3 4 2018-02-11 08:10:00.541204 192.168.43.72 ns-vip-pro.paris.inria.fr DNS 87 Standard query 0x1284 AAAA googleads.g.doublec...
4 5 2018-02-11 08:10:00.545785 192.168.43.72 ns-vip-pro.paris.inria.fr DNS 78 Standard query 0x3432 AAAA ytimg.l.google.com
5 6 2018-02-11 08:10:00.547036 192.168.43.72 ns-vip-pro.paris.inria.fr DNS 96 Standard query 0xb756 A r4---sn-gxo5uxg-jqbe.g...
6 7 2018-02-11 08:10:00.547156 192.168.43.72 ns-vip-pro.paris.inria.fr DNS 75 Standard query 0x62ab A ssl.gstatic.com
7 8 2018-02-11 08:10:00.547249 192.168.43.72 ns-vip-pro.paris.inria.fr DNS 74 Standard query 0x42fb A www.google.com
8 9 2018-02-11 08:10:00.853950 ns-vip-pro.paris.inria.fr 192.168.43.72 DNS 386 Standard query response 0x11d3 A 216.58.213.162
9 10 2018-02-11 08:10:00.853970 192.168.43.72 ns-vip-pro.paris.inria.fr DNS 75 Standard query 0x8756 A www.gstatic.com
10 11 2018-02-11 08:10:00.854433 ns-vip-pro.paris.inria.fr 192.168.43.72 DNS 389 Standard query response 0x301a AAAA 2a00:1450:...
11 12 2018-02-11 08:10:00.854620 ns-vip-pro.paris.inria.fr 192.168.43.72 DNS 346 Standard query response 0x62ab A 172.217.18.195
12 13 2018-02-11 08:10:00.854641 ns-vip-pro.paris.inria.fr 192.168.43.72 DNS 400 Standard query response 0xb756 A 193.51.224.143
13 14 2018-02-11 08:10:00.854676 ns-vip-pro.paris.inria.fr 192.168.43.72 DNS 398 Standard query response 0x1284 AAAA 2a00:1450:...
14 15 2018-02-11 08:10:00.859945 192.168.43.72 ns-vip-pro.paris.inria.fr DNS 84 Standard query 0xdd32 A www.googleadservices.com
15 16 2018-02-11 08:10:00.861944 192.168.43.72 par10s38-in-f3.1e100.net TCP 78 58443 > 443 [SYN] Seq=0 Win=65535 Len=0 MSS=14...
16 17 2018-02-11 08:10:00.876320 ns-vip-pro.paris.inria.fr 192.168.43.72 DNS 377 Standard query response 0xed0c A 216.58.209.227
17 18 2018-02-11 08:10:00.883409 ns-vip-pro.paris.inria.fr 192.168.43.72 DNS 354 Standard query response 0x3432 AAAA 2a00:1450:...
18 19 2018-02-11 08:10:00.890223 ns-vip-pro.paris.inria.fr 192.168.43.72 DNS 338 Standard query response 0x42fb A 216.58.209.228
19 20 2018-02-11 08:10:00.890679 192.168.43.72 ns-vip-pro.paris.inria.fr DNS 75 Standard query 0xf38d A www.youtube.com

Step 2: Generate Statistics for Each Flow¶

A flow is defined as groups of packets that share the following attributes:

  • Source IP Address
  • Destination IP Address
  • Source Port
  • Destination Port
  • Time interval

The csv file we used in the past assignments do not have port numbers, so you can simply group on source and destination IP address.
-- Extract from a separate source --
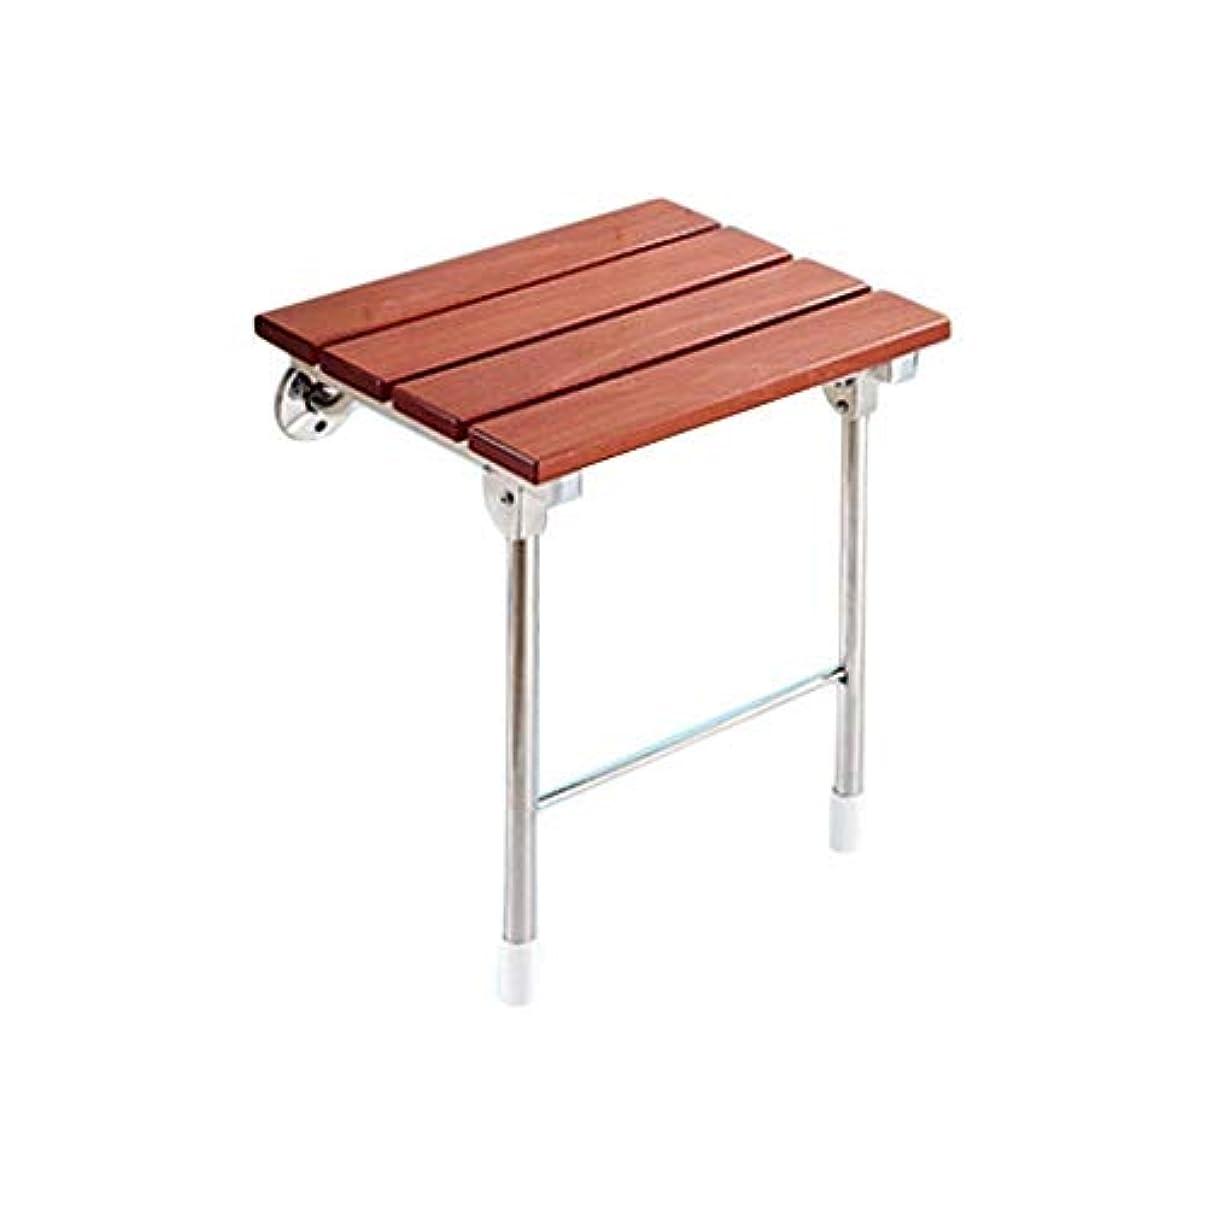 モス肘掛け椅子衝動折り畳み式の木製の壁のシャワースツール、シャワーシートスツール折りたたみ木製滑り止め変更靴スツール高齢者/無効

For each flow in the packet trace, generate the following statistics for each flow:

  • Number of bytes
  • Number of packets
  • Duration (time)

Total Number of Flows¶

Count the total number of flows in this trace.

Number of Bytes¶

Count the total number of bytes for each flow in the trace.
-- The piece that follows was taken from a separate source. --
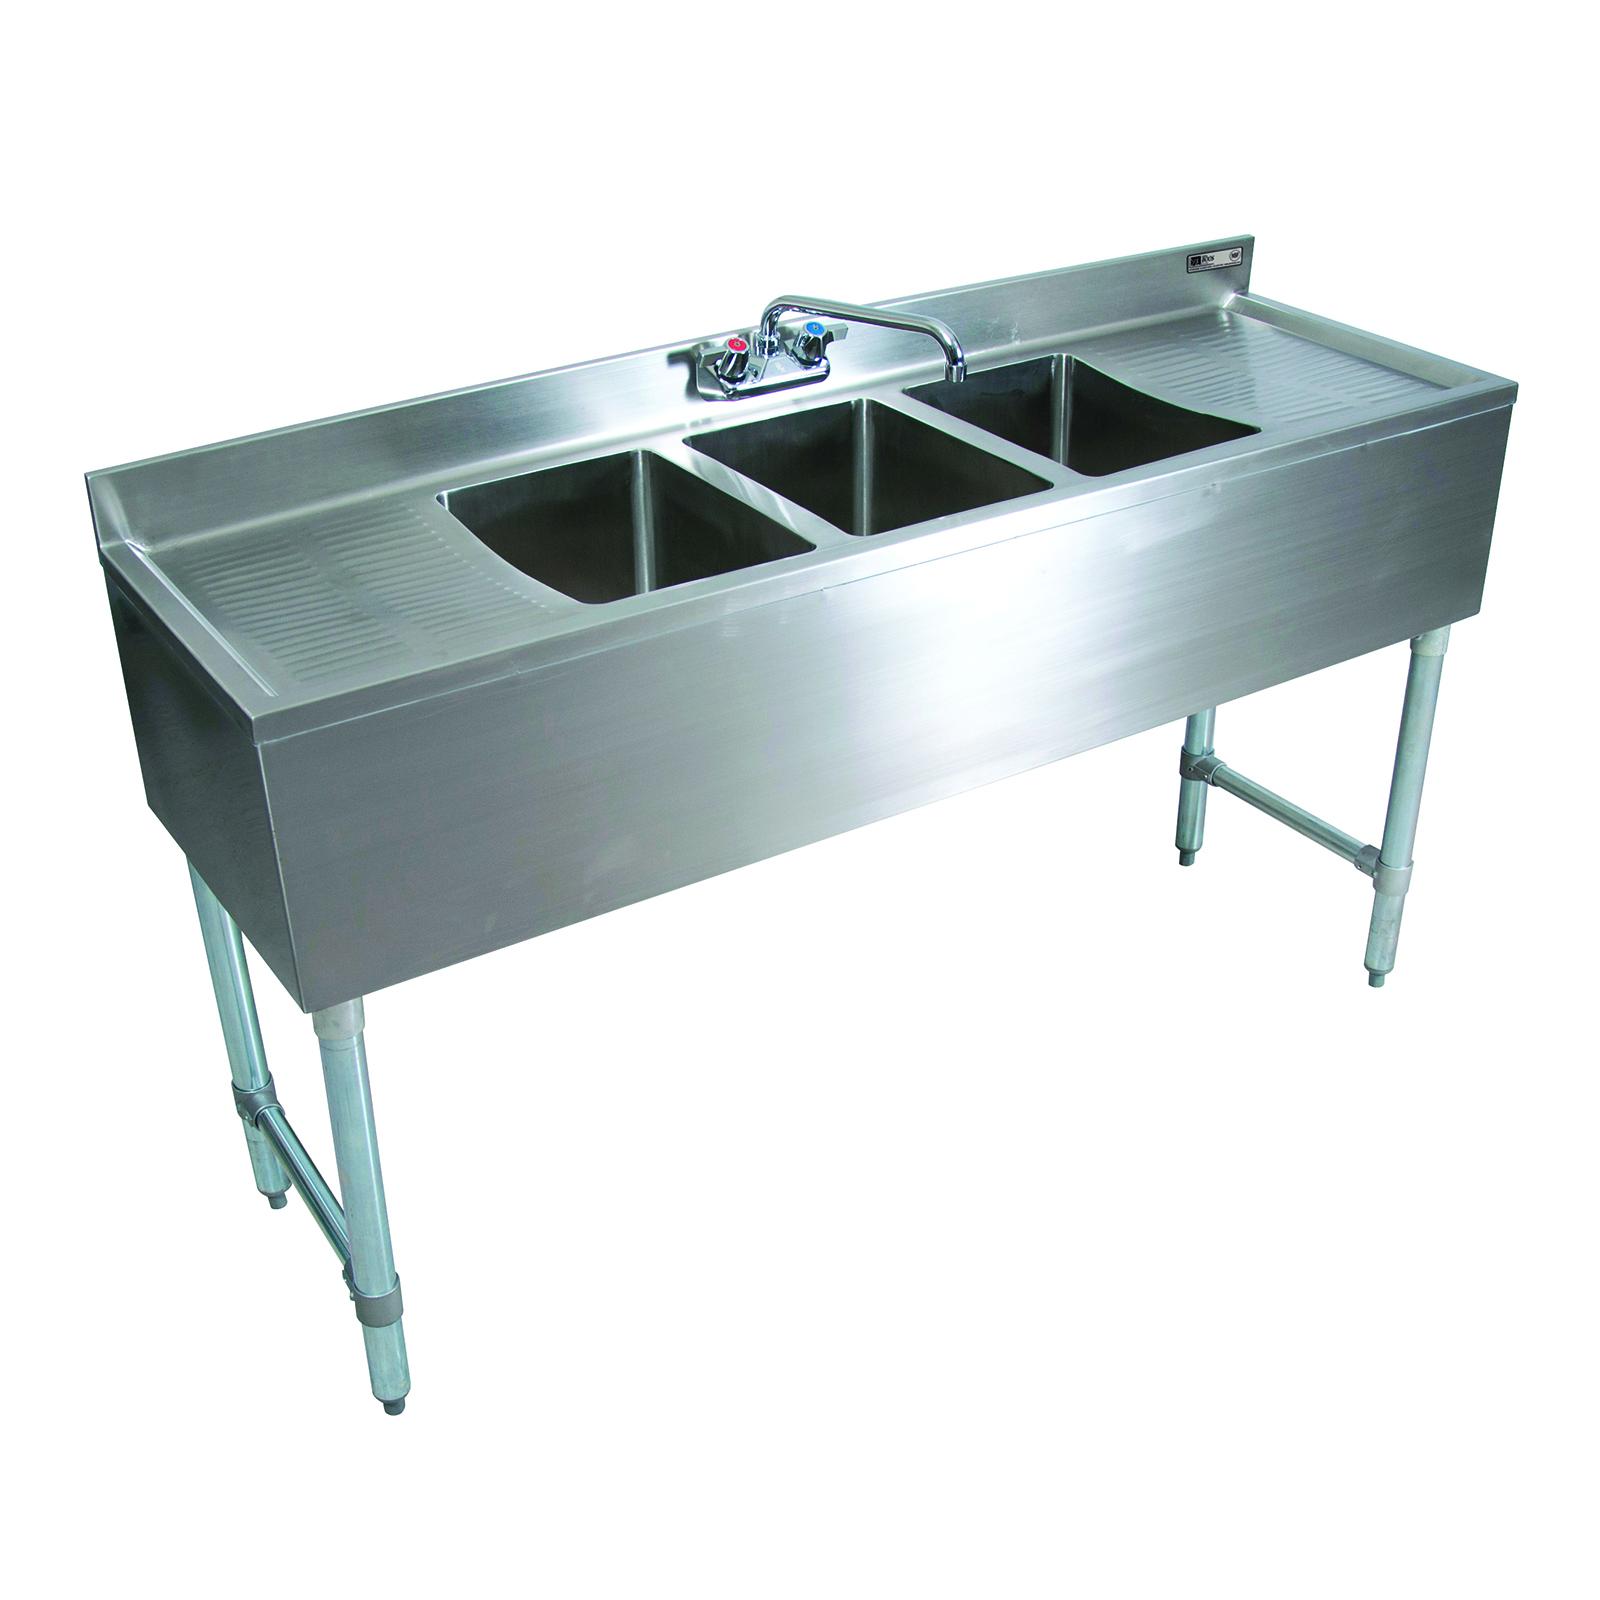 John Boos EUB4S96-2D underbar sink units

Then, sort the flows by size, in bytes.

What do you notice about the large flows? What do they look like?

Number of Packets¶

Count the number of packets in each flow.
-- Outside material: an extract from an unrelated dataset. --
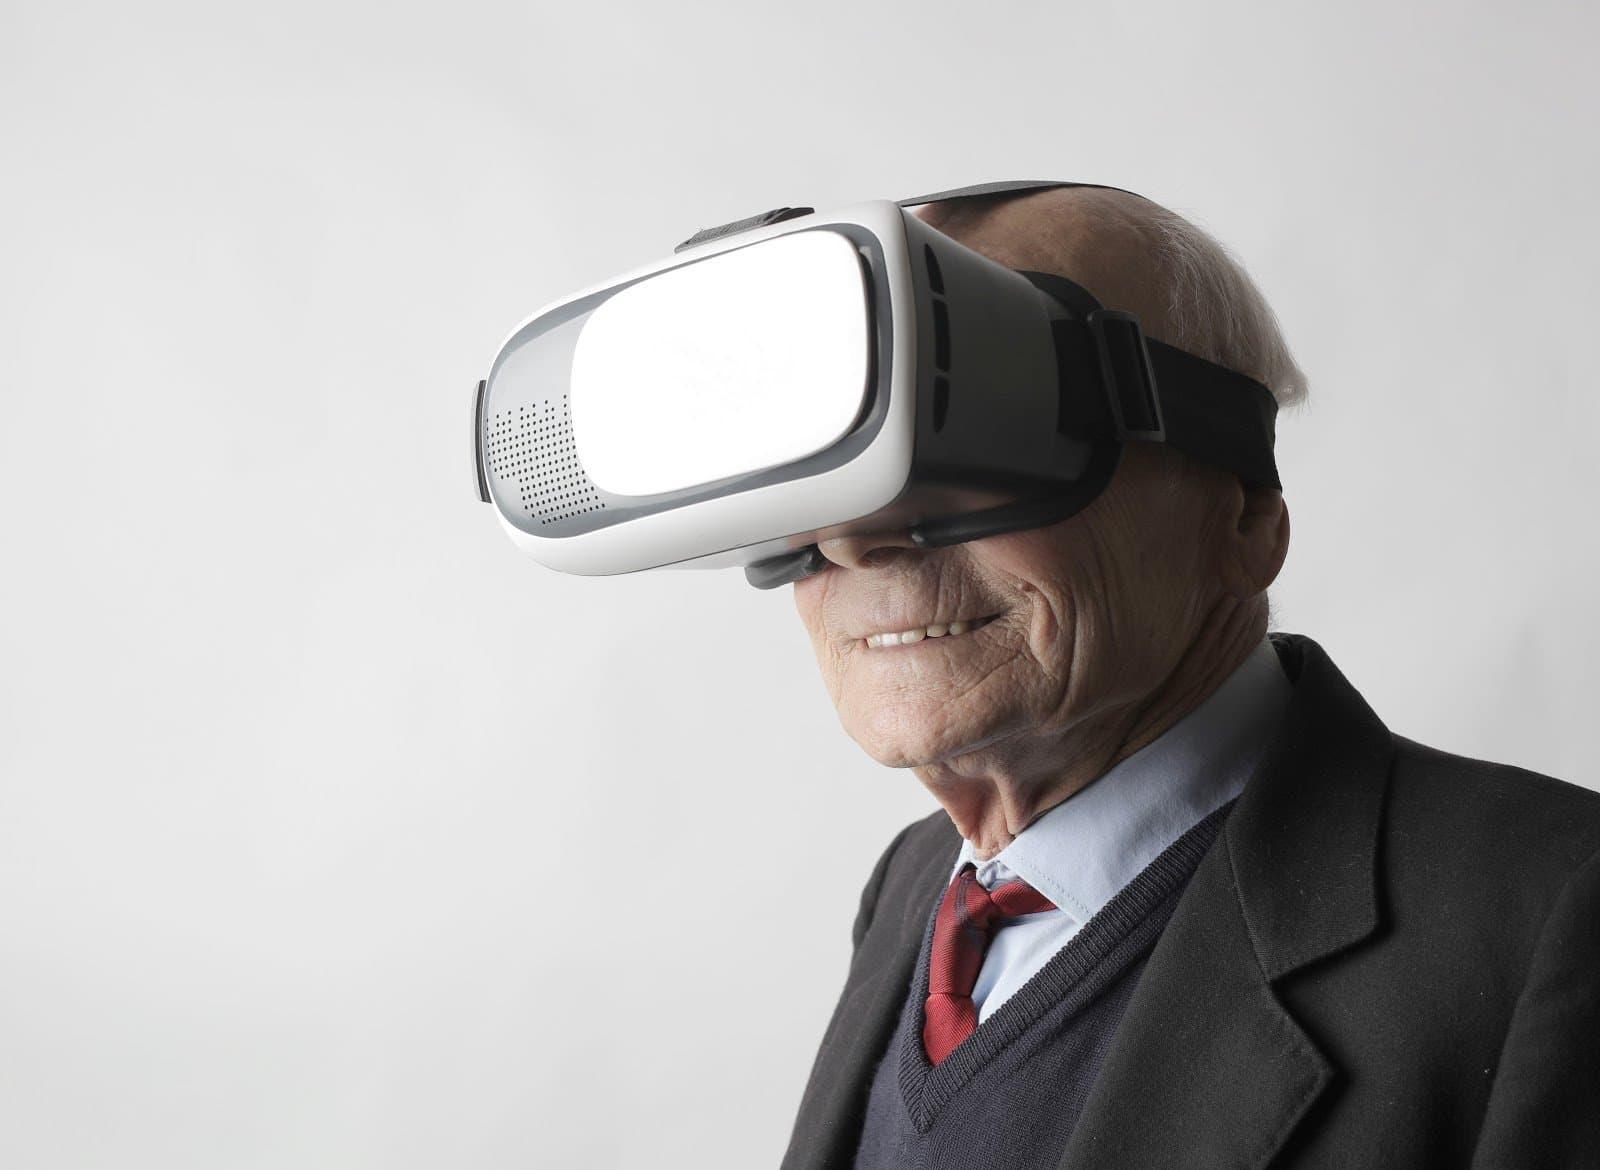 Les casques de r alit virtuelle en EHPAD 3

What do you notice about these flows? Are they similar to the largest flows by bytes? Which differ?

Duration¶

Compute the duration of each flow, by taking the time of the last packet and subtracting the time of the first, for each flow.

What are the longest flows in the trace?

Bytes and Packets Per Second¶

Compute the bytes per second and packets per second for each flow.

For a simple feature computation, compute the average bytes and packets per second for each flow, for the entire duration of the flow. If you want to get more clever or fancy, you can do "windowed averages", computing bytes or packets per second for shorter time intervals.

Note¶

Some of the libraries that we will use in this class, including the netml library from the University of Chicago, will compute these and other statistics automatically.

Thought Questions¶

  1. What are the largest flows in terms of: Number of bytes? Number of packets?

  2. What do you notice about the flow sizes and the directions of flows?

  3. What kinds of features are not available in packet summary statistics like those above which might be available in a raw packet trace? How might those features be useful for different packet classification problems?